İkinci Abdülhamid İstanbul'da doğdu. Uzun boylu, buğday tenli, siyah ve sık sakallıydı. Kaşlarının üzeri hafifçe çıkıntılı ve gözleri de siyahtı.

Devrinin en kıymetli alimlerinde, çok iyi tahsil yaptı. Kuvvetli bir hafıza ve basirete sahipti. Gayet güzel ve düzgün konuşurdu. Deha derecesinde bir siyasete sahipti. Aynı zamanda çok cesur bir padişahtı. Spor yapmaktan hoşlanırdı. Gayet güzel silah ve kılıç kullanırdı. Son derece takva idi. Tasavvufa ait geniş bilgisi vardı.

Padişahlığı zamanında yıkılmak üzere olan devleti ayakta tutacak en iyi tedbir ne ise onları hiç tereddüt etmeden yerine getirdi ve devletin yıkılmasını tam 33 sene geciktirdi. Devrinde yapmış olduğu işleri, bazı aydın geçinen tabaka hariç, herkes takdirle karşılıyordu. Aleyhine her türlü iftiralar, en kötü isnatlar uyduruluyor ve Avrupa devletlerinin himayesinde yaşayan çeyrek aydın bile olamayanlar, gazetelerinde durmadan bu iftira ve isnatları yazıyorlardı. Hiç yılmadan ve bıkmadan, Devlet-i Aliyyeyi 33 sene idare etti. Dünya savaşının çıkacağına inanıyor, çıktığında ise Osmanlı Devletini kurtaracak şeyin, ancak denizlerde kuvvetli bir devletin yanında savaşa katılmak olduğunu düşünüyordu. Tahttan indirildiğinden hemen sonra bu görüşünün tam zıddı yapılmış, koca devlet de tamamen yıkılmıştı.

"Bu Cenabı Hakkın takdiridir."

Prens Bismark'a göre 100 gram aklın 90 gramı Abdülhamid Han'da, 5 gramı kendisinde, 5 gramı da diğer siyasilerdeydi.

Abdüllhamid Han'ın en büyük talihsizliği devleti en kötü şartlar altında eline almış olmasıdır. Tahttan indirildikten sonra zaman ilerledikçe, aleyhinde olup da pişman olmayan hemen hemen kalmamış gibiydi.
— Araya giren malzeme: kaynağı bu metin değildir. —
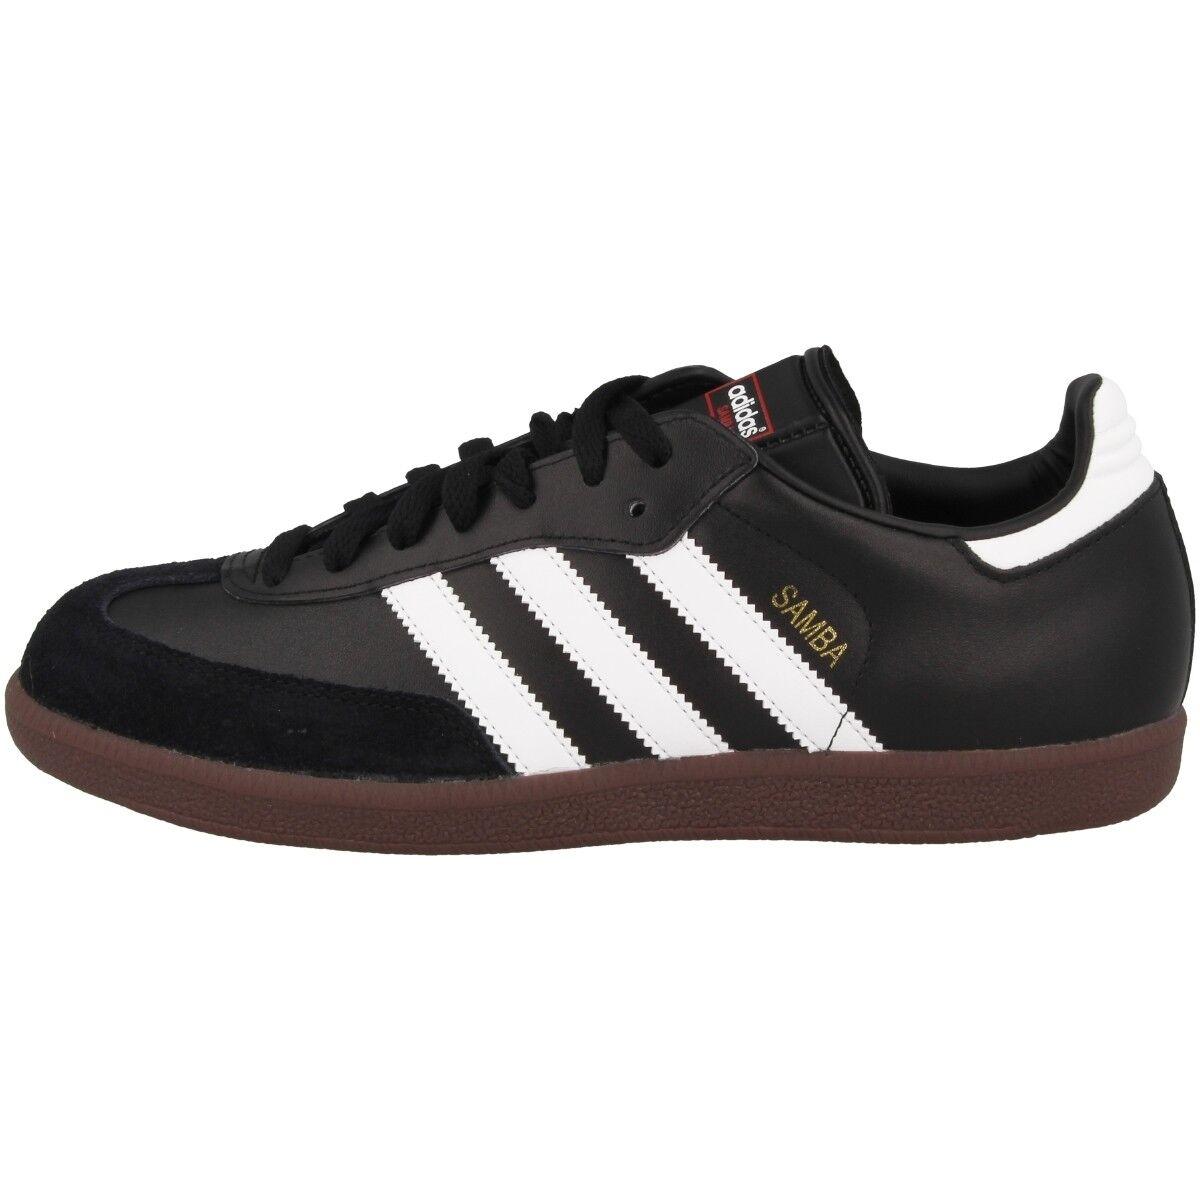 Adidas Samba Classic Schuhe Sneaker schwarz 019000 Klassiker Indoor Hallenschuhe

Son derece dindar ve namuslu idi. Zevk ve sefaya düşkün değildi. Abdestsiz olarak hiçbir devlet işine imza atmadığı meşhurdur. 1908 senesinde düzmece bir irtica olayını bahane ederek tahttan indirdiklerinde yüksek bir veli derecesinde olan Büyük Hakan: "Bu Cenabı Hakkın takdiridir." diyerek elinde muazzam kuvvetler olduğu halde müdahale bile etmeden tahtını terketmiştir. Tahttan indirilmesinde birinci derecede Yahudilerin rolü vardı. Çünkü daha o zamanlar Yahudiler Filistin'den toprak istemişler, Sultan Abdülhamid de reddetmişti.

Siyasi ve diplomatik hadiselerin en çok olduğu devir şüphesiz Abdülhamid Han devridir. Bu büyük padişaha, bütün tarihi hakikatler ortaya çıkmış olmasına rağmen, hala iftira edenlere rastlamak mümkündür(...)

Abdülhamid neler yapmıştır:

  • Polis teşkilatını geliştirdi,
  • Komiserlik ve başkomiserlik makamlarını ihdas etti,
  • Savcılık müessesesini kurdu,
  • Ceza ve Ticaret usulü kanunlarını çıkarttı,
  • Askeri dikimevleri, tersaneler, feshaneler kurdurdu,
  • İstanbul, İzmir limanlarını tesis etti,
  • Tahta çıktığı zaman 252 milyon altın borcumuzu tahtı bıraktığında 30 milyon altına indirdi,
  • Köylerdeki ilkokulların dışında 300 tane ortaokul açtırdı ki bu okullarda yabancı dillere kadar birçok yeni dersler okutuluyordu,
  • Arkeoloji, Askeri müze, Yıldız Müzesi, Yıldız ve Beyazıt Kütüphaneleri yine o devirde açıldı,
  • Kuduz müessesesi o devirde açıldı,
  • Hamidiye çeşmeleri ve Terkos Su Şirketini yine Abdülhamid Han kurdurdu ve Kırkçeşme ile Halkalı Sularının ıslahı yine Abdülhamid'e nasip oldu.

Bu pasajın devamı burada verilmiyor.